Years of unsuccessful discussions between Ethiopia on the one hand, and Egypt and Sudan on the other, culminated in the Doha summit.
Arab foreign ministers endorsed calls for the UN Security Council to intervene in Ethiopia’s contentious dam project on one of the Nile River’s key tributaries on Tuesday.
The decision was made during a diplomatic summit in Qatar convened by Egypt and Sudan, two downstream Nile countries. In a press conference, Arab League Secretary-General Ahmed Aboul Gheit said the Arab countries will persuade the Security Council to hold an emergency session on the decade-long dam conflict.
Identifying a framework to deal with future water disputes, as well as how the river’s supplies should be divided during droughts, have been the key sticking points in previous agreements. The news came as Egypt and Sudan applied diplomatic and political pressure on Ethiopia ahead of the dam’s scheduled second phase of construction.

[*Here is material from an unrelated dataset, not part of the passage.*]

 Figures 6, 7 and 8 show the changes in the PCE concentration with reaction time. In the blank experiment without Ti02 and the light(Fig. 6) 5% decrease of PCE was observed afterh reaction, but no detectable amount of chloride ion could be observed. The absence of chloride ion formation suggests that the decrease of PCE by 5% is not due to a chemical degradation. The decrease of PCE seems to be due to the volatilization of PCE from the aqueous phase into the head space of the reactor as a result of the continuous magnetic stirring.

“There is a united Arab position,” Qatar’s Foreign Minister Mohammad bin Abdulrahman Al-Thani said in the same press conference following the meeting attended by 17 foreign ministers from the region. “Water security is about survival for mankind and the peoples of Sudan and Egypt.”

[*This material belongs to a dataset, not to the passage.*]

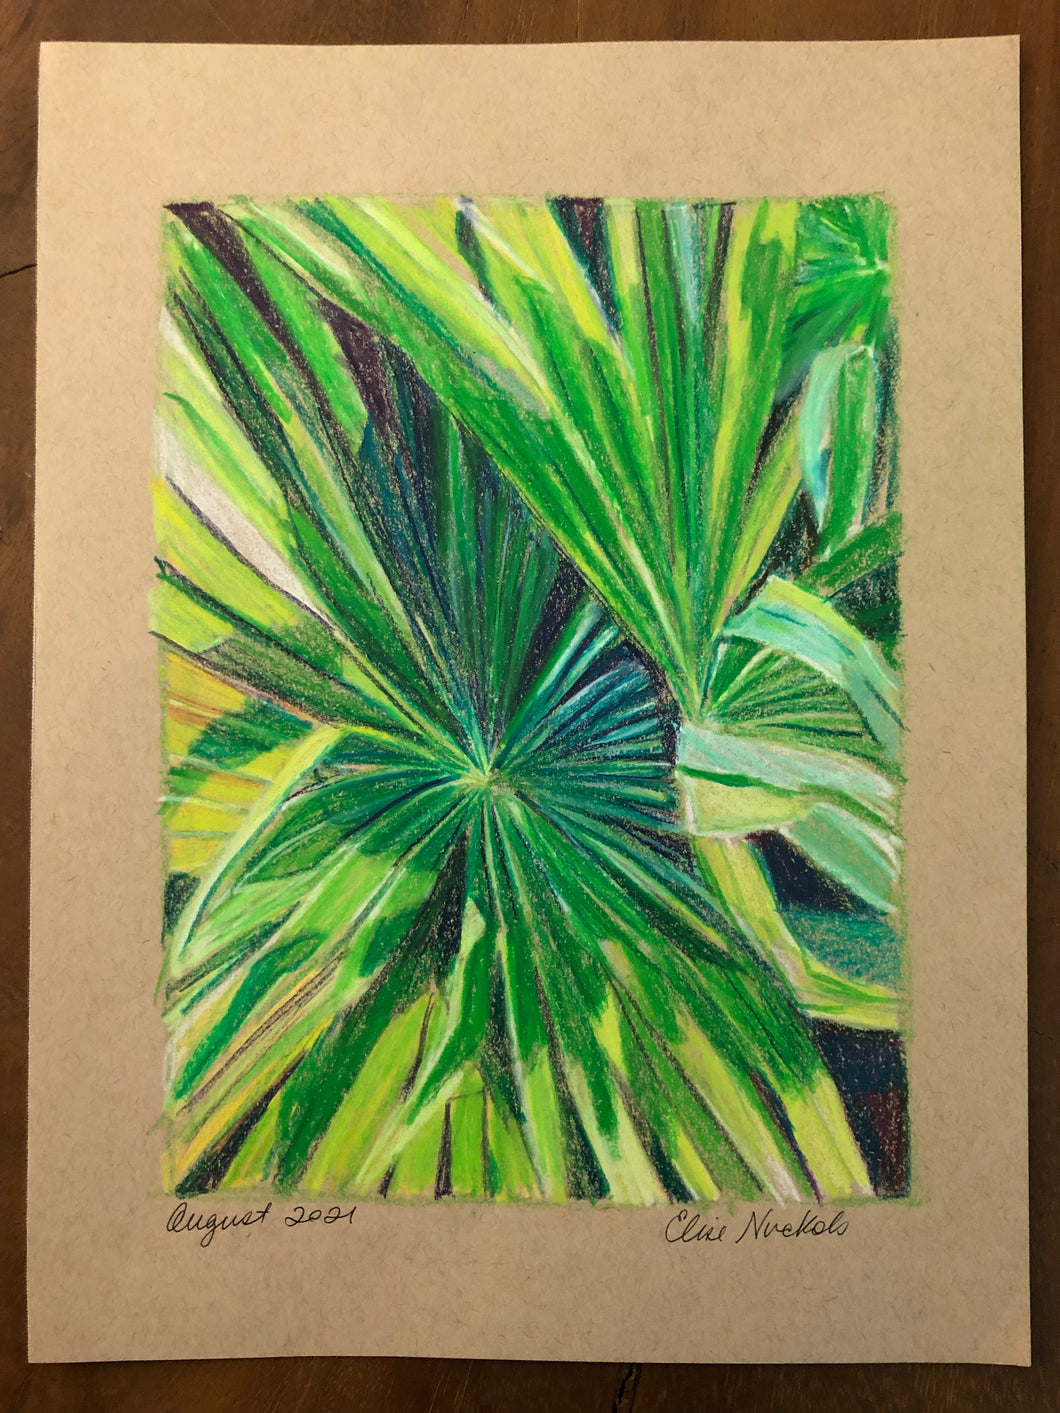 Palm Frond

Egypt’s Foreign Ministry announced on Friday that it had written to the United Nations Security Council to explain its position. In prior African Union-supervised discussions, Ethiopia was accused of failing to help create a “fair, balanced, and legally binding” deal. Ethiopian leaders did not respond immediately.
Ethiopia has claimed that the dam, which it has completely funded, will serve to lift millions of Ethiopia’s nearly 110 million people out of poverty and turn the country into a major electricity exporter. After Egyptian, Sudanese, and Ethiopian officials failed to reach an agreement on the project in April, Egyptian President Abdel Fattah El-Sisi declared that “all alternatives are open if a drop of water belongs to Egypt is touched.”
The Grand Ethiopian Renaissance Dam is Ethiopia’s dream for economic progress and power generation. However, Egypt, which depends on the Nile for up to 90% of its freshwater, views the project as a potential existential danger, while Sudan is concerned about the operation of its Nile dams and water stations.
Aboul Gheit highlighted Egypt’s and Sudan’s water security as a vital aspect of Arab national security during a press conference following the meeting of 17 Arab foreign ministers.